With data loaded via pipes the initial 2 minutes of 'Data Loading' will effectively disappear and many columns will be displayed very quickly, with Trembl still taking 2 minutes to arrive. Note that to avoid subsequent long delays on requesting other columns it is essential to prevent repainting of high volume columns, either by using summary data or by implementing pixmaps per column.

Zoomed in

Currently all or as much of the feature context as is possible is displayed whenever a zoom (or revcomp etc) is selected. We could opt to set the canvas size to the full size and only paint around the visible region, which would reduce drawing time significantly, depending on the zoom level.

At high zooms summary data is not possible or useful and we cannot achive any gains from this. However as we know that the number of visible features is small we could operate a paint on demand policy and provide usable worst case performance. Tests on a smaller data set show 120k groups painted in 1.7 seconds.

Results
What Initial display RevCompComments
Correct column state 39% 26% Better than expected - previous code redisplayed data even of the old and new visibility state was the same.
Note: we often get a double expose, and one cause is thought to be the title bar expanding as seq coordinates are shown. It should be possible to prevent this by displaying copordinates correctly before painting features but note that this is relevant only to ACEDB only configurations as with a pipe server configuration the sequence coordinates will be set by the first column loaded regardles of whether or not we can determine these from the config file.
Implementing pixmaps in the foo canvas

Foo canvas pixbufs

The foo canvas has support for pixbufs which appear to be static images. A cursory scan og GDK pixbuf documenation give the impression these are not much used these days, and arfe authored by the same person as the foo canvas. There is a library which is 11 years old.

GDK pixmaps

These are Drawable objects and can be treated as off screen windows and look like a much better option - existing code can be used to draw on them. Note that they are already deprecated and we are advised to use Cairo instead, but given that that applies to most of the foo canvas this is hardly an issue. (NB we would not be able to upgrade to GTK 3).

One pixmap per column

Without changing the overall structure of the ZMap code it should be possible to create a pixmap per column and have existing code paint features on it. We would have to add in an extra layer to place pixmaps onto the canvas, but then scrolling should be instant and re-ordering and moving columns would not require features to be repainted, which will become important very soon when pipe servers make it out into the real world.

Work needed

Here we try to preserve existing code and data with the aim of inserting pixmaps with the minumum code written/ changed.

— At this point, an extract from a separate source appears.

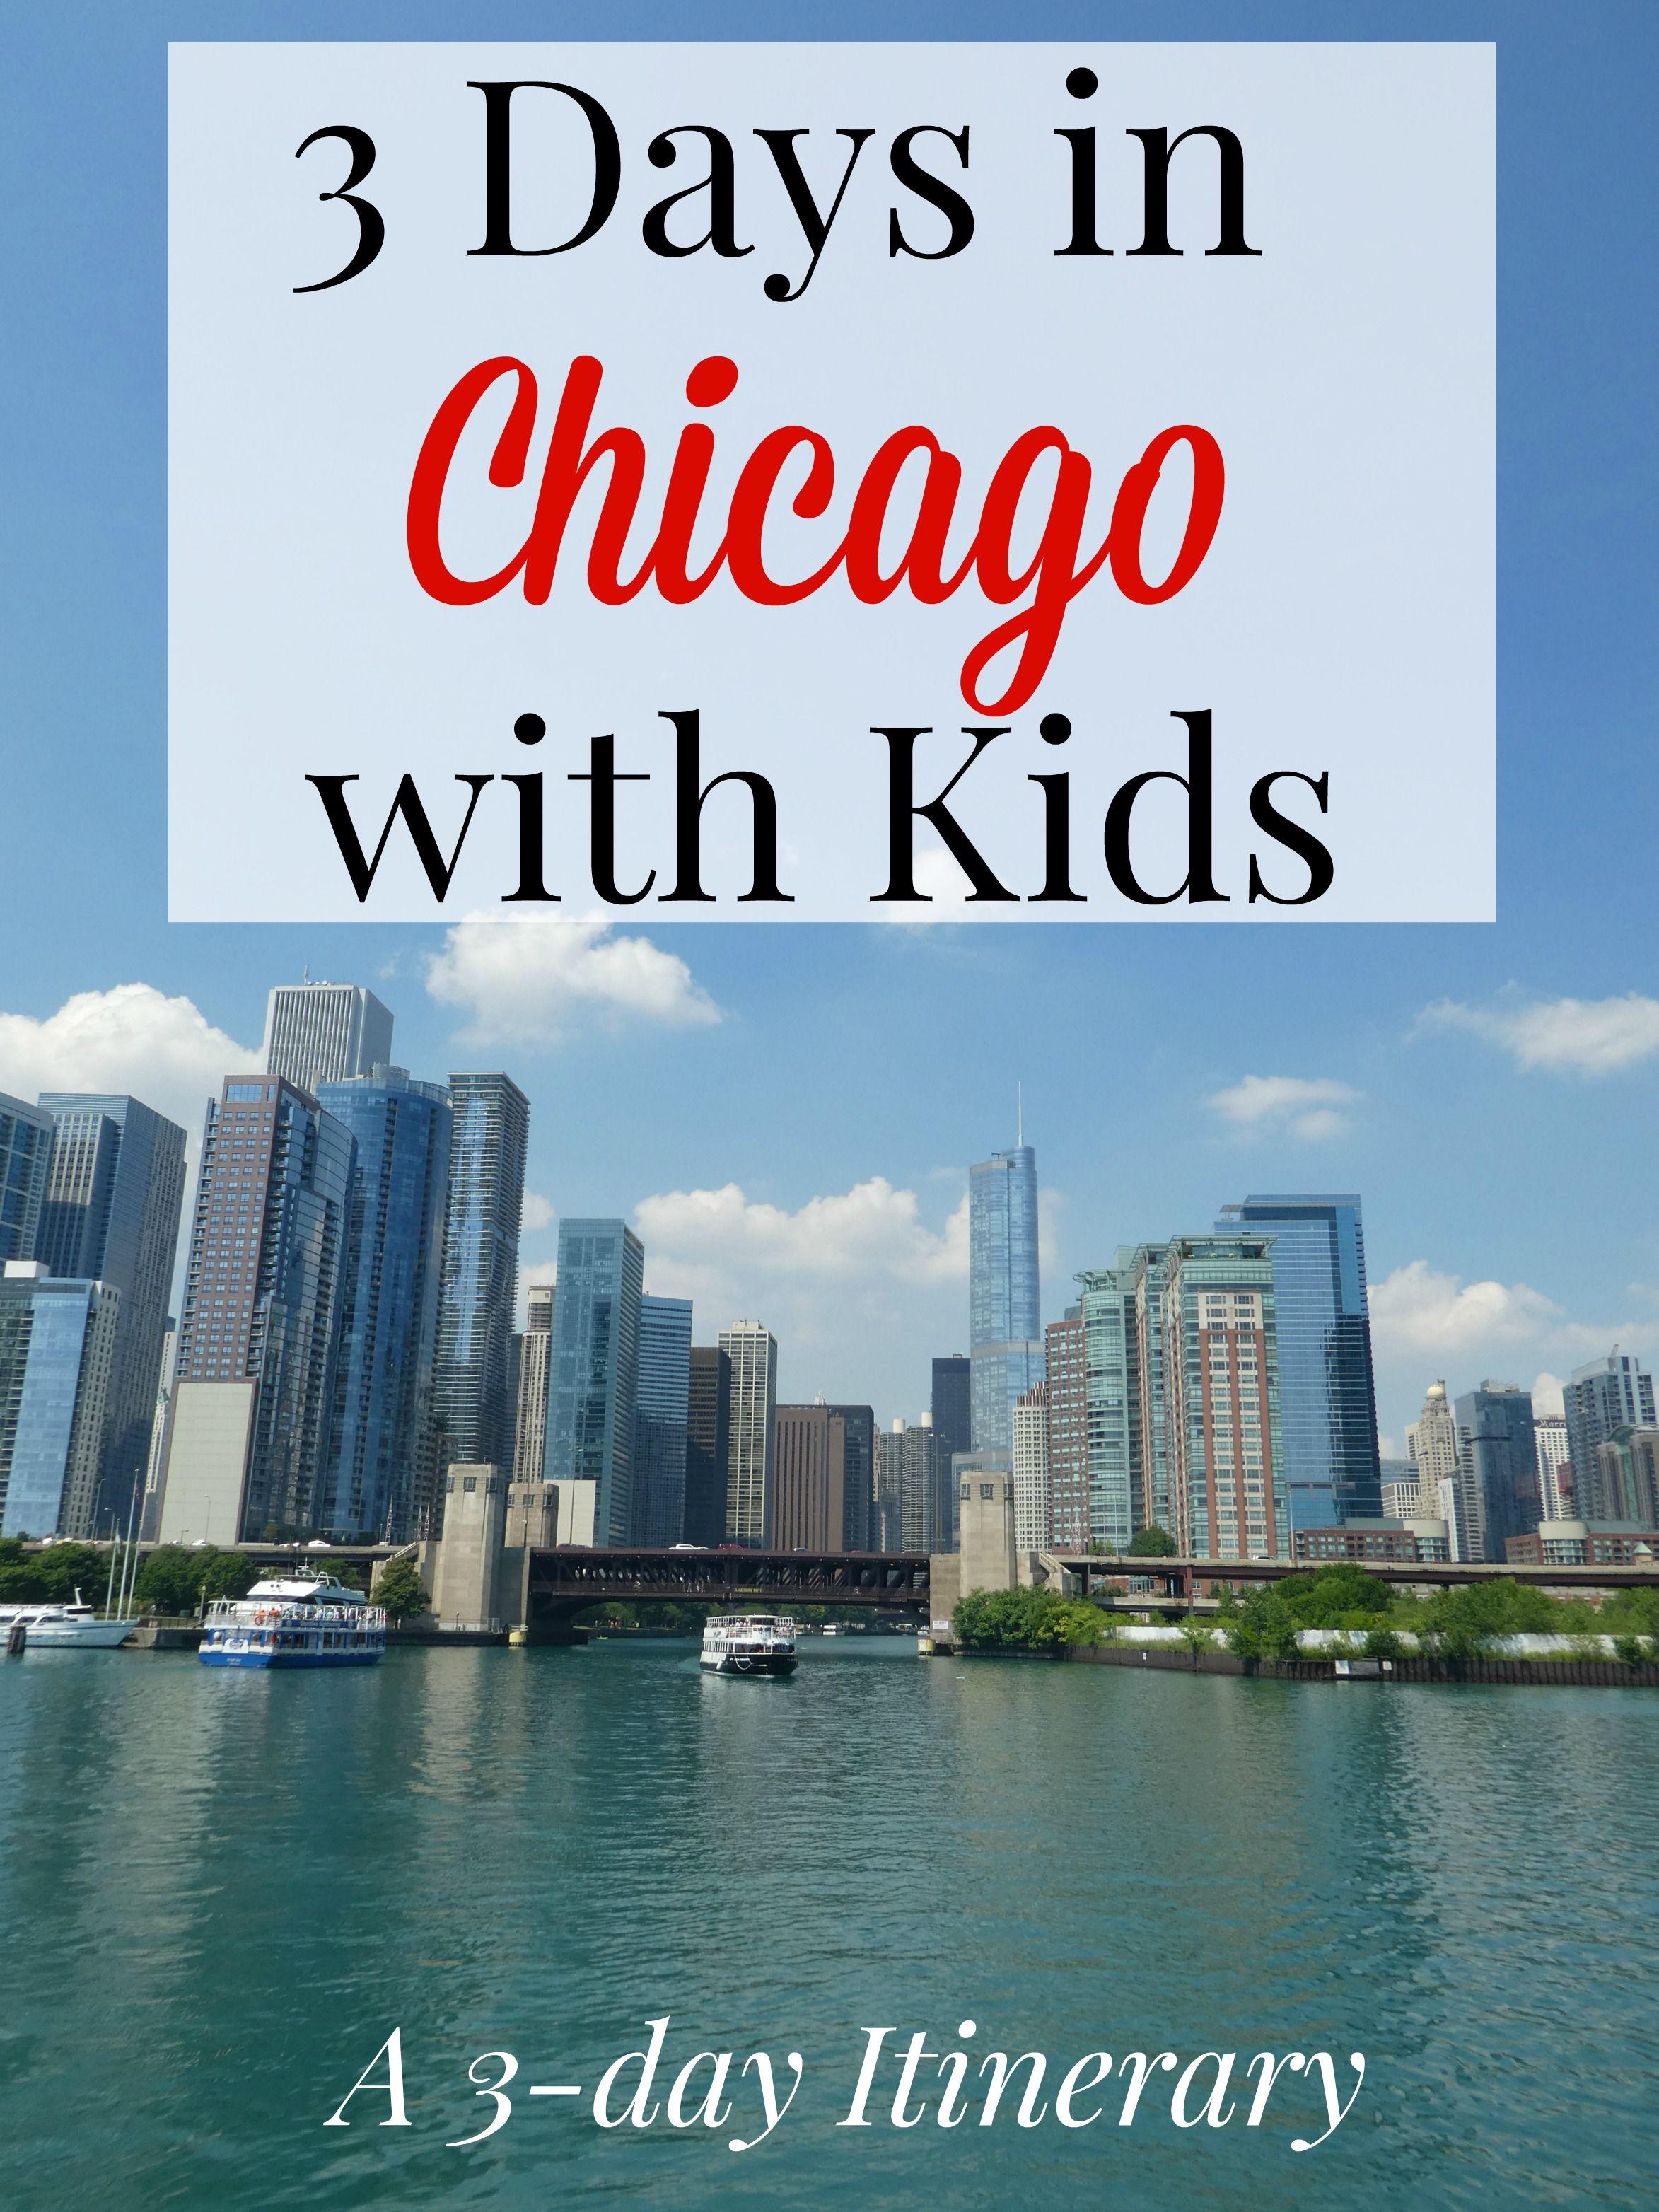 3 days in chicago with kids   chicago   pinterest   chicago travel

Speeding up the lasso and ruler

These are drawn as foo canvas items and require a redraw of the whole region when changed: ie they are not blitted. Without changing code if we operate pixmaps as the display technology this will be significantly faster.

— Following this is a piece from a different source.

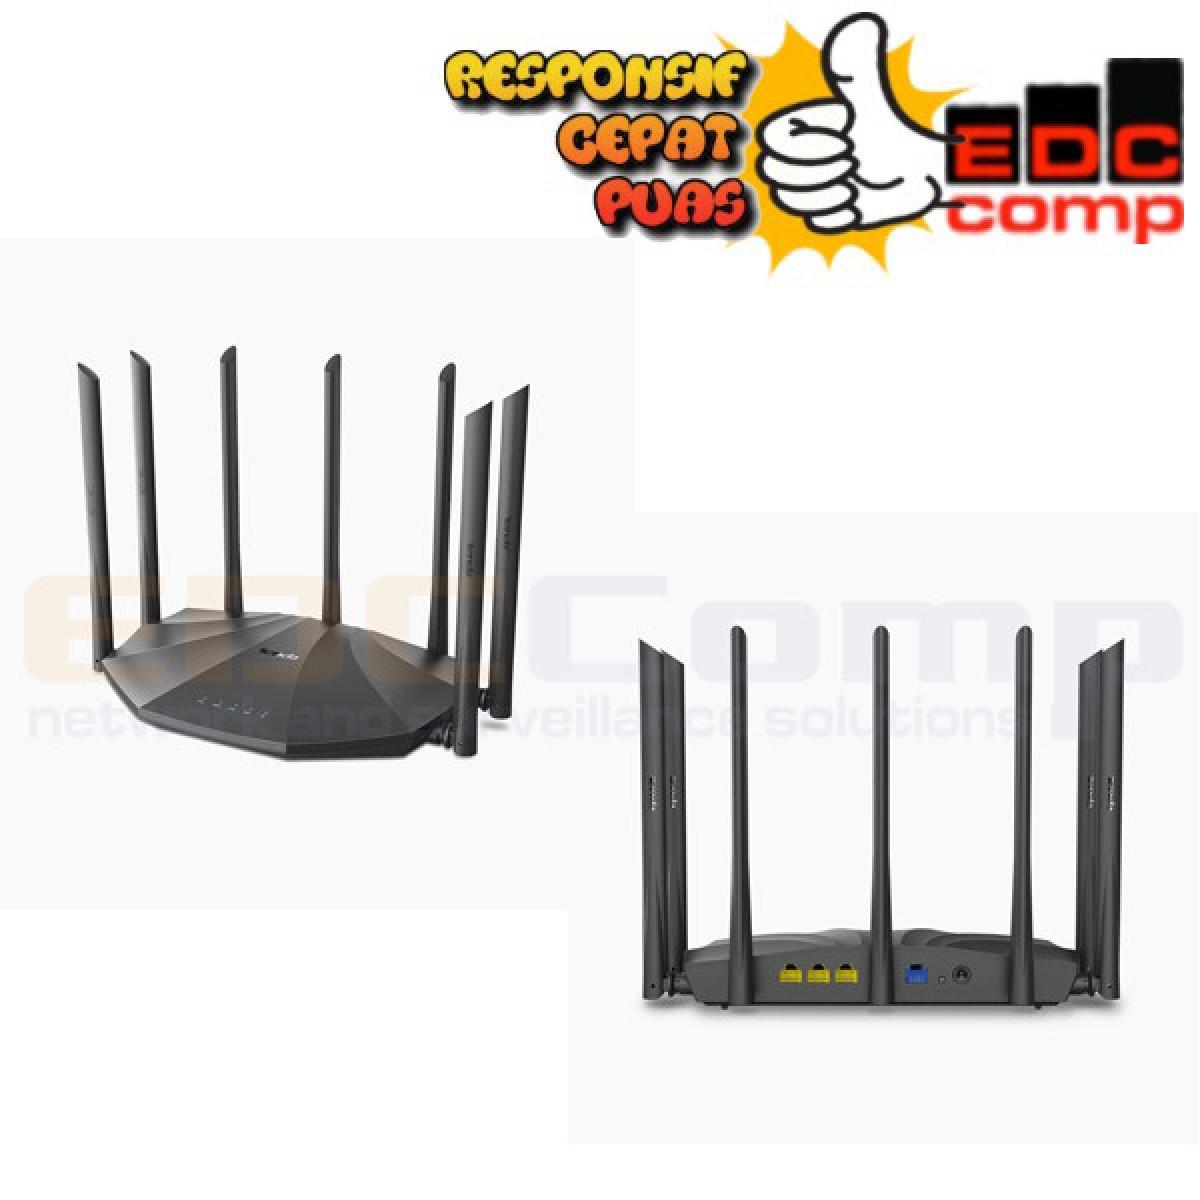 Wireless Router Dual Band Gigabit WiFi Router Tenda AC23 - EdcComp

Another way to speed up the ruler would be to implement a 1-pixel deep tooltip (if possible), assuming that this would be displayed by X with bit-blitting. (if not then no performance improvement).

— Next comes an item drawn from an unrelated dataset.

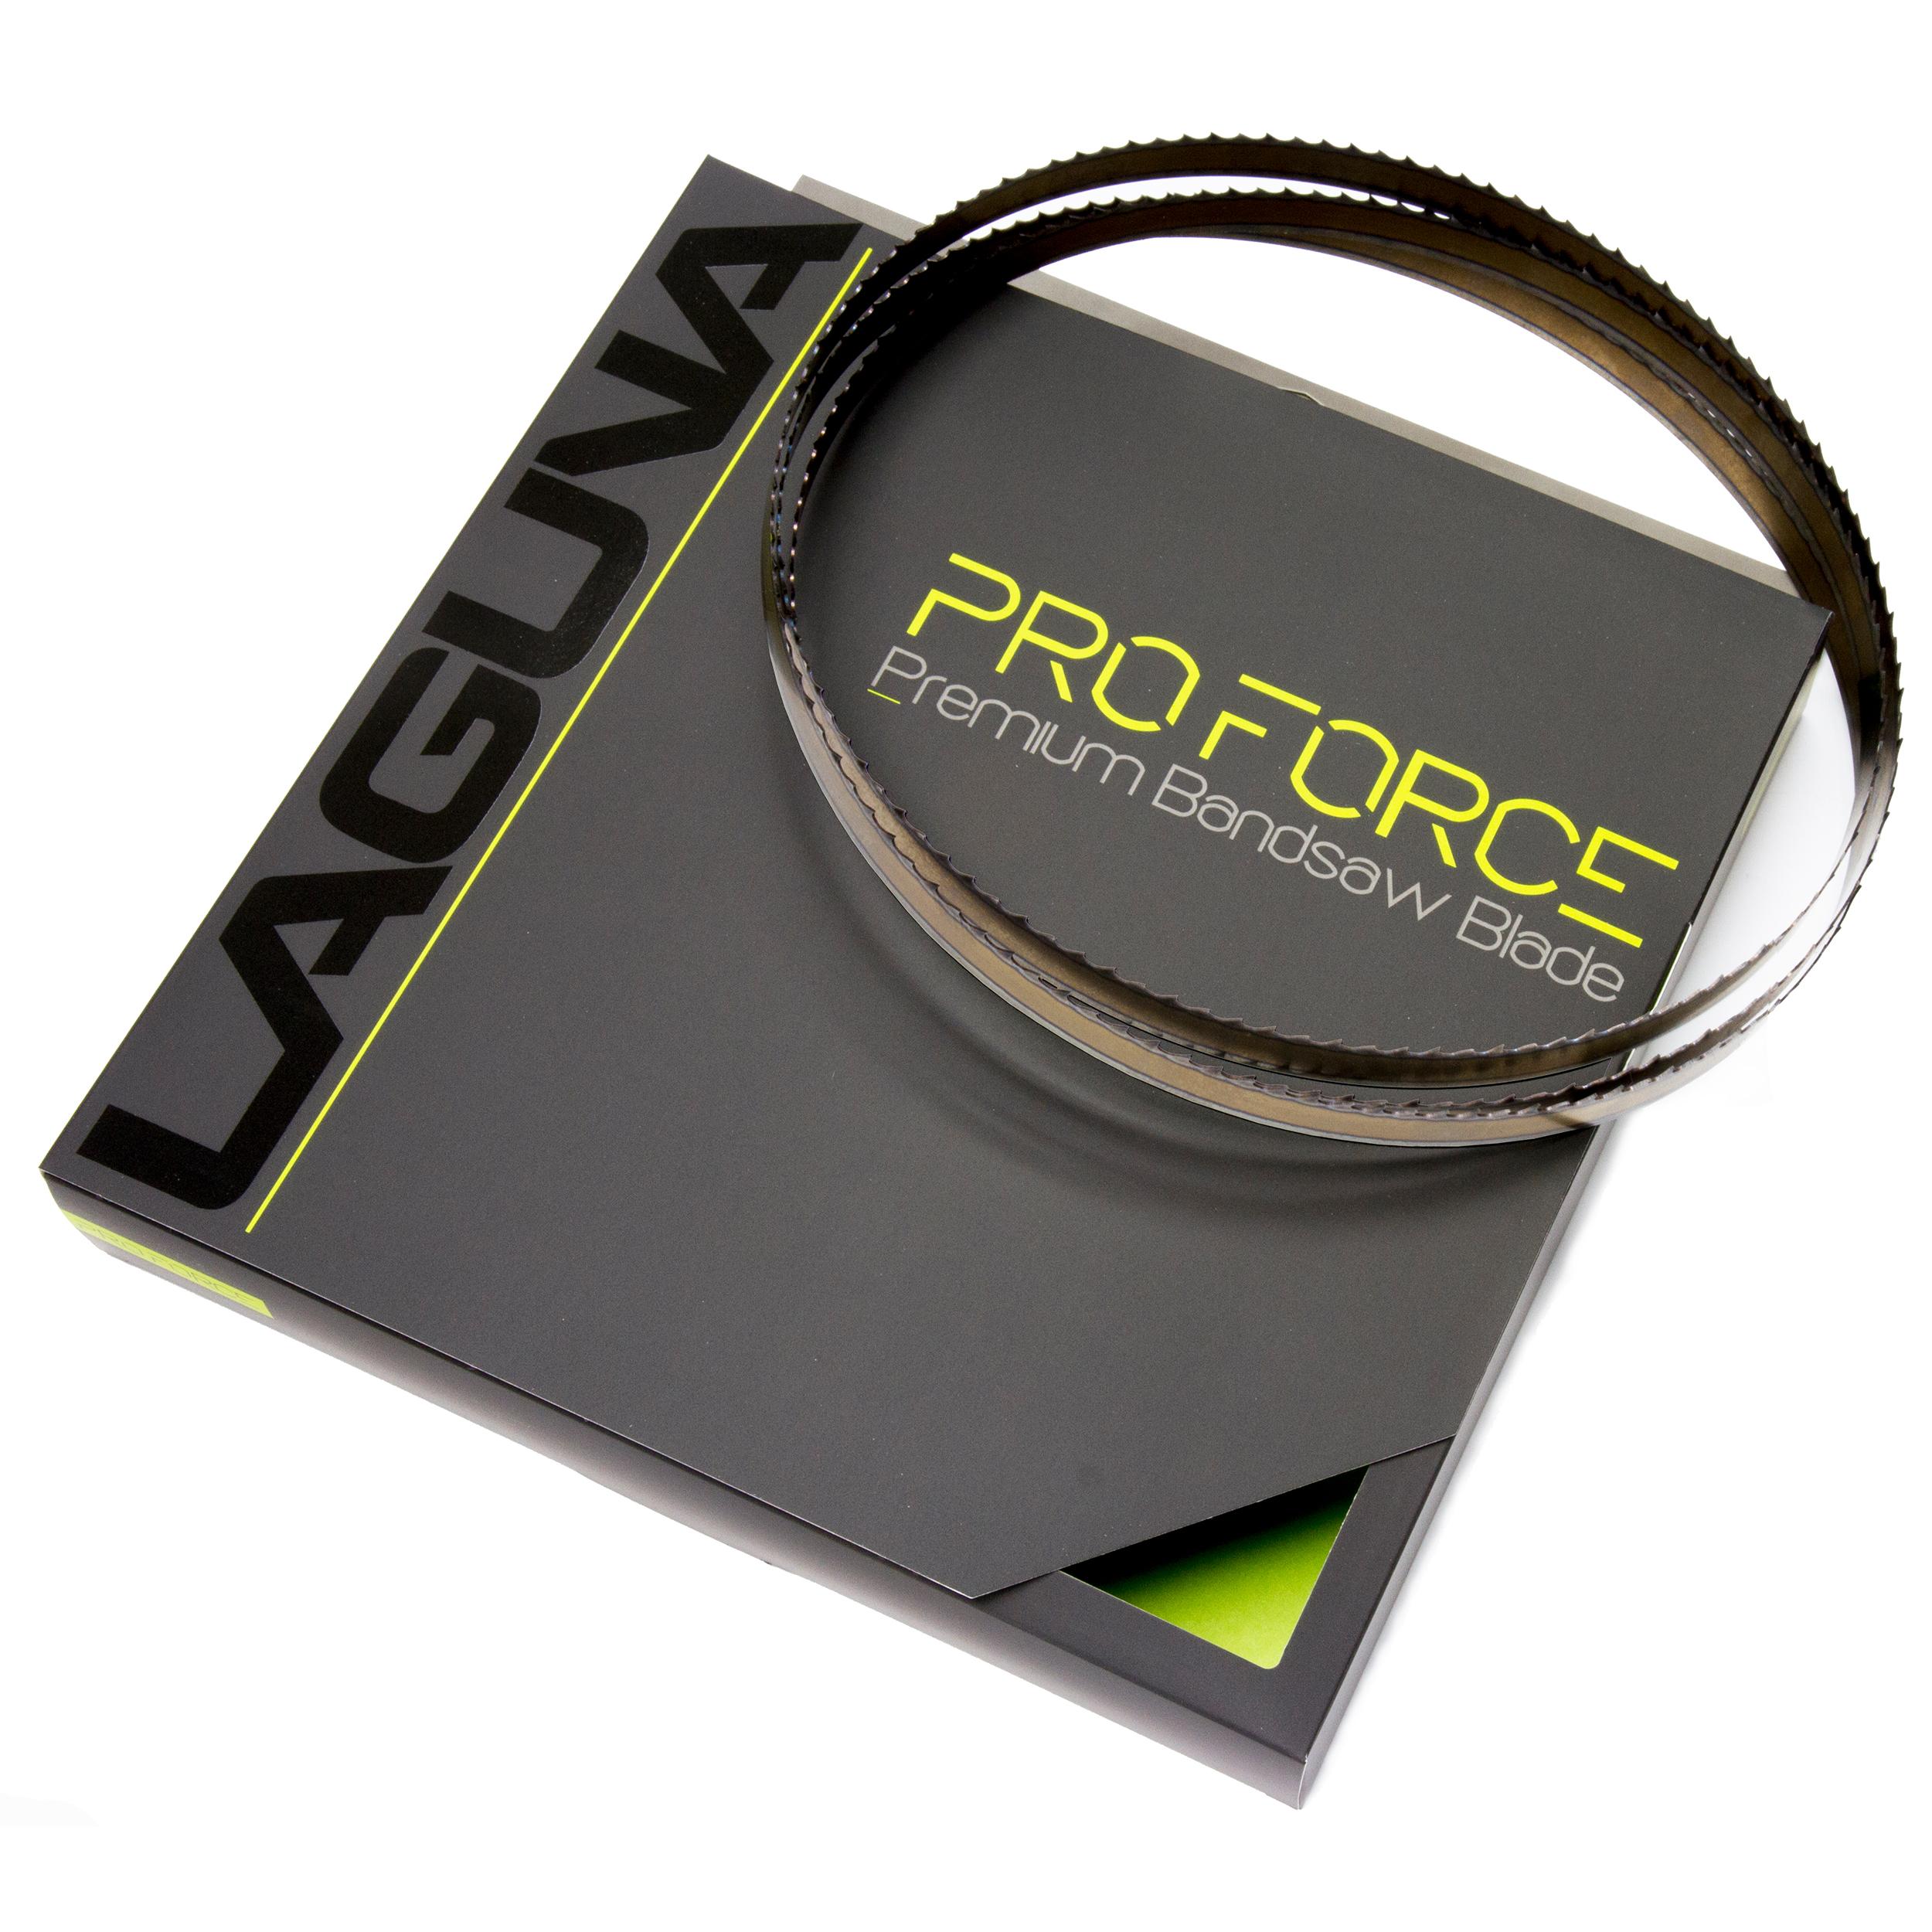 Pro Force 1 / 2

Resolving issues on focus code

Currently when a column is selected the Canvas items are sorted and a selected feature is highlit a) by changing the colour and b) moving it to the start of the column's list of features. When unhighlit it is moved back into place, but with multiple highlight this is a problem. Highlit items can be displayed on top of pixmaps in the window's foo canvas and this provides a way to add or remove highlight without affectng the order of features in the canvas. These features would be flagged to not respond to mouse events and pass them onto the underlying pixmap/ foo canvas combo.